Specify conditional probability tables (with values as given in Lauritzen and Spiegelhalter (1988)) (there are other ways of specifying conditional probability tables, see the package documentation):
yn <- c("yes","no")
a <- cpt(~asia, values=c(1, 99),levels=yn)
t.a <- cpt(~tub|asia, values=c(5, 95, 1, 99),levels=yn)
s <- cpt(~smoke, values=c(5, 5), levels=yn)
l.s <- cpt(~lung|smoke, values=c(1, 9, 1, 99), levels=yn)
b.s <- cpt(~bronc|smoke, values=c(6, 4, 3, 7), levels=yn)
e.lt <- cpt(~either|lung:tub,values=c(1, 0, 1, 0, 1, 0, 0, 1),levels=yn)
x.e <- cpt(~xray|either, values=c(98, 2, 5, 95), levels=yn)
d.be <- cpt(~dysp|bronc:either, values=c(9, 1, 7, 3, 8, 2, 1, 9), levels=yn)
Compile list of conditional probability tables.

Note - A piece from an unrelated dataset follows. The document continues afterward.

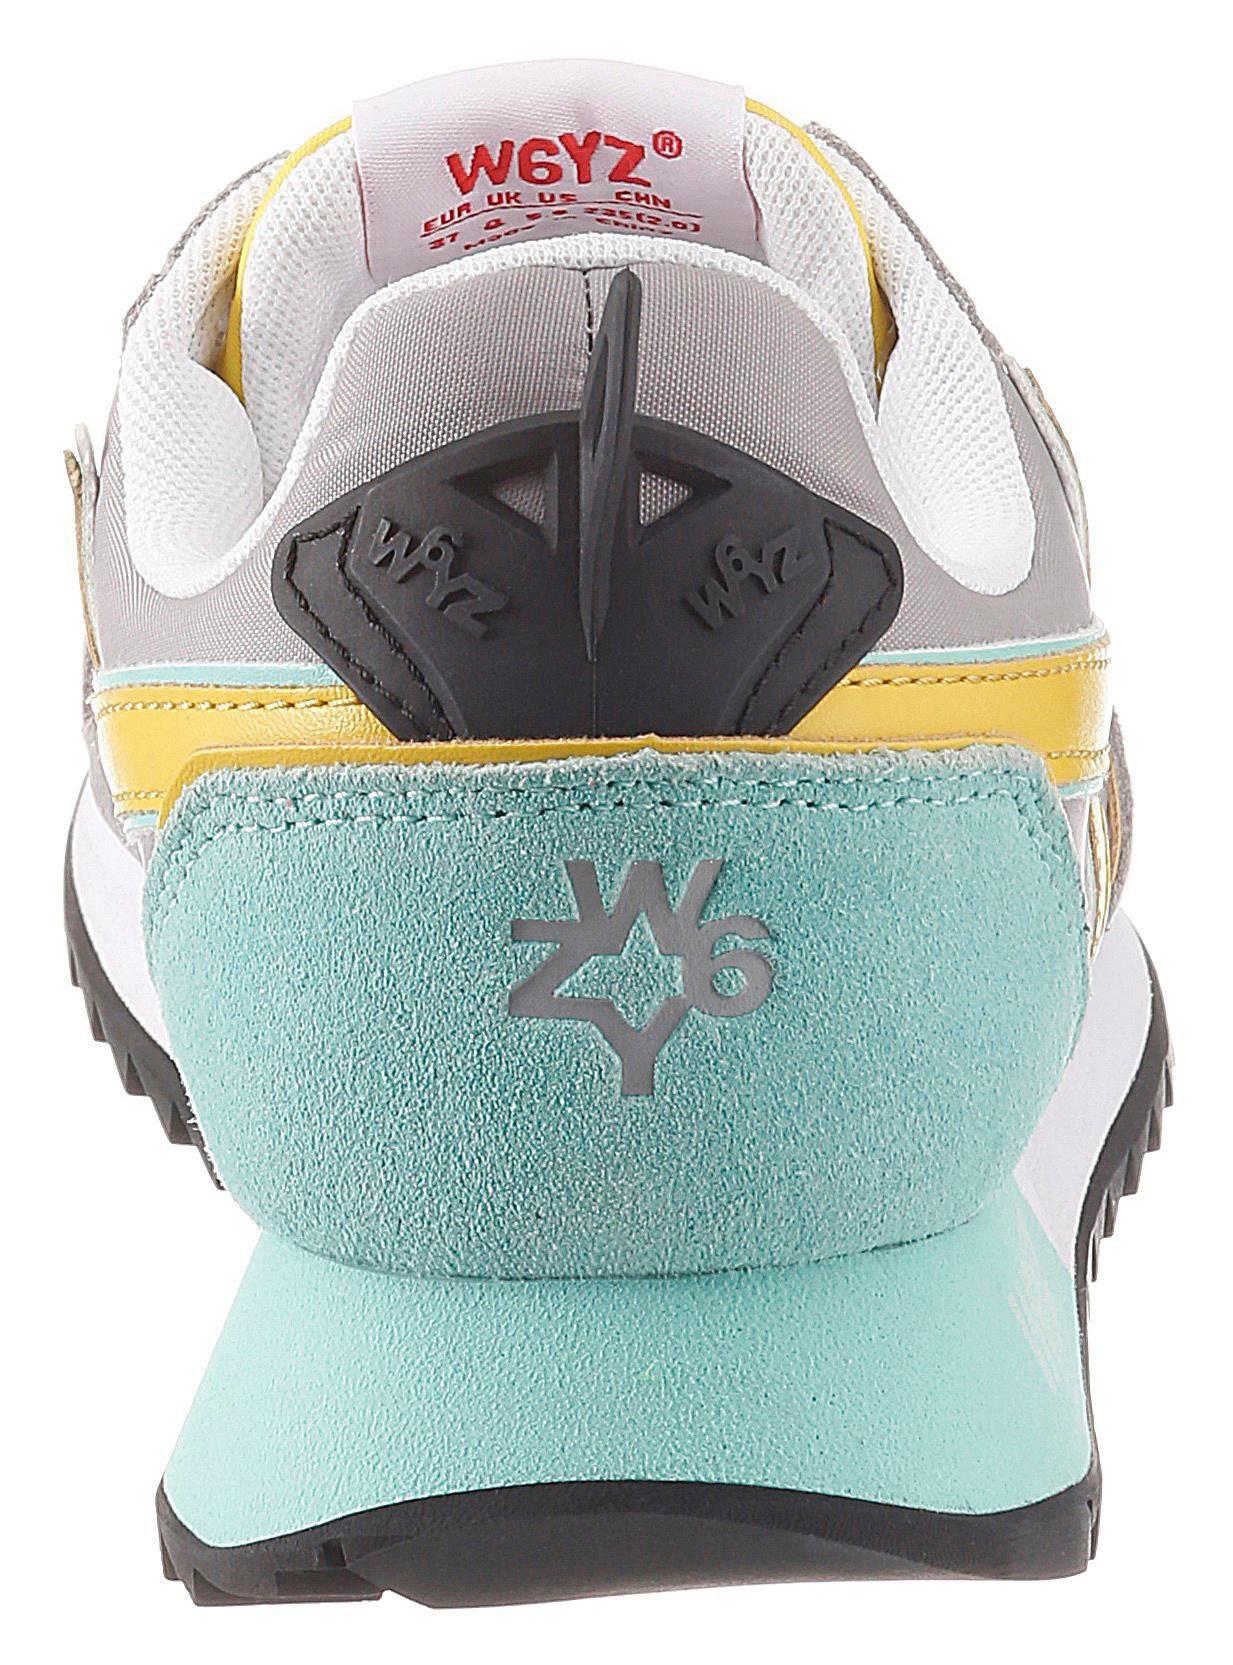 W6yz Sneakers Met Sleehak Snel Online Gekocht - Geweldige Prijs

chest_cpt <- compile_cpt(a, t.a, s, l.s, b.s, e.lt, x.e, d.be)
chest_cpt
## P( asia )
## P( tub | asia )
## P( smoke )
## P( lung | smoke )
## P( bronc | smoke )
## P( either | lung tub )
## P( xray | either )
## P( dysp | bronc either )
The components are arrays, but coercion into dataframes sometimes makes it easier to digest the components.
chest_cpt$tub
## asia
## tub yes no
## yes 0.05 0.01
## no 0.95 0.99
chest_cpt$tub |> as.data.frame.table()
## tub asia Freq
## 1 yes yes 0.05
## 2 no yes 0.95
## 3 yes no 0.01
## 4 no no 0.99
Create the network:
chest_bn <- grain(chest_cpt)
chest_bn
## Independence network: Compiled: TRUE Propagated: FALSE Evidence: FALSE
Default is that the network is compiled at creation time, but if one chooses not to do so, compilation can be done with:
chest_bn <- compile(chest_bn)
In the chest clinic example, there are three disease variables, two background variables and two symptoms. Following the narrative, we can set evidence that a person has recently visited Asia and has dyspnoea:
Initially, the network can be queried without evidence:
chest_bn |> querygrain(nodes=disease, type="marginal")
## $tub
## tub
## yes no
## 0.0104 0.9896
##
## $lung
## lung
## yes no
## 0.055 0.945
##
## $bronc
## bronc
## yes no
## 0.45 0.55
chest_bn |> querygrain(nodes=disease, type="marginal", simplify = TRUE)
## yes no
## tub 0.0104 0.9896
## lung 0.0550 0.9450
## bronc 0.4500 0.5500
chest_bn |> querygrain(nodes=disease, type="joint")
## , , bronc = yes
##
## lung
## tub yes no
## yes 0.0003276 0.004352
## no 0.0311724 0.414148
##
## , , bronc = no
##
## lung
## tub yes no
## yes 0.0002444 0.005476
## no 0.0232556 0.521024
chest_bn |> querygrain(nodes=disease, type="joint", simplify = TRUE)
## tub lung bronc Freq
## 1 yes yes yes 0.0003276
## 2 no yes yes 0.0311724
## 3 yes no yes 0.0043524
## 4 no no yes 0.4141476
## 5 yes yes no 0.0002444
## 6 no yes no 0.0232556
## 7 yes no no 0.0054756
## 8 no no no 0.5210244
chest_bn |> querygrain(nodes=disease, type="conditional")
## , , bronc = yes
##
## lung
## tub yes no
## yes 0.0104 0.0104
## no 0.9896 0.9896
##
## , , bronc = no
##
## lung
## tub yes no
## yes 0.0104 0.0104
## no 0.9896 0.9896
chest_bn |> querygrain(nodes=disease, type="conditional", simplify = TRUE)
## tub lung bronc Freq
## 1 yes yes yes 0.0104
## 2 no yes yes 0.9896
## 3 yes no yes 0.0104
## 4 no no yes 0.9896
## 5 yes yes no 0.0104
## 6 no yes no 0.9896
## 7 yes no no 0.0104
## 8 no no no 0.9896
Above we obtain the marginal, joint distributions and conditional distribution for the disease variables. The output can in some cases be simplified to dataframes. For the conditional distribution, we obtain the conditional distribution of the first node given the rest of the nodes.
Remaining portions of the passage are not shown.